## DATA SHOWN

::::

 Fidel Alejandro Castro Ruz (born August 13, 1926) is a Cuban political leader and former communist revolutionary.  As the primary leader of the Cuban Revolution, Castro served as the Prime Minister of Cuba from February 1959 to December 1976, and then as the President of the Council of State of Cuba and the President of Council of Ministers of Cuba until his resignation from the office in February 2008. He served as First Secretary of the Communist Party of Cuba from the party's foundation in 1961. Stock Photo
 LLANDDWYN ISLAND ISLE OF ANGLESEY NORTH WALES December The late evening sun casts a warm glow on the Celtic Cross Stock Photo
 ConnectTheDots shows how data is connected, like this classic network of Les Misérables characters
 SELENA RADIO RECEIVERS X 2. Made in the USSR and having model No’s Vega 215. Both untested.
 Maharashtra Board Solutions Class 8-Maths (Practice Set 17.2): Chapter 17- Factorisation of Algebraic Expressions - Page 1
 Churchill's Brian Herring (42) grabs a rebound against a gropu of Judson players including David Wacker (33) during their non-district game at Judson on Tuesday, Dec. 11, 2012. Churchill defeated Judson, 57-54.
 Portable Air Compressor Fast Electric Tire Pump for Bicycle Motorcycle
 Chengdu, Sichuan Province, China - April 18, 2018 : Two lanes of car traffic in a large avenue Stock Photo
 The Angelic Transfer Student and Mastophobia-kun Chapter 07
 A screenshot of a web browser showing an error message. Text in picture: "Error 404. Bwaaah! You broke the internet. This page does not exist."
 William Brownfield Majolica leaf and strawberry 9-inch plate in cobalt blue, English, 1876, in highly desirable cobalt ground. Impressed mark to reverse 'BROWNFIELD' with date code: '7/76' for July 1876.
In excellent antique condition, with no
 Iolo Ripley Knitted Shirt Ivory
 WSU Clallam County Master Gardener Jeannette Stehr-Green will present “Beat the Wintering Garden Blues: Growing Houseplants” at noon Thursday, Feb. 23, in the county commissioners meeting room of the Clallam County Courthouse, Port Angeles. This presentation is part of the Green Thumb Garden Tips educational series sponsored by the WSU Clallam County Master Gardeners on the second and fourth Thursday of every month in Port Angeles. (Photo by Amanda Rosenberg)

::::

## WORK REQUEST
The lines you need are those containing "Chapter"; find them in the records and copy them.

## EXERCISE RESULT
 Maharashtra Board Solutions Class 8-Maths (Practice Set 17.2): Chapter 17- Factorisation of Algebraic Expressions - Page 1
 The Angelic Transfer Student and Mastophobia-kun Chapter 07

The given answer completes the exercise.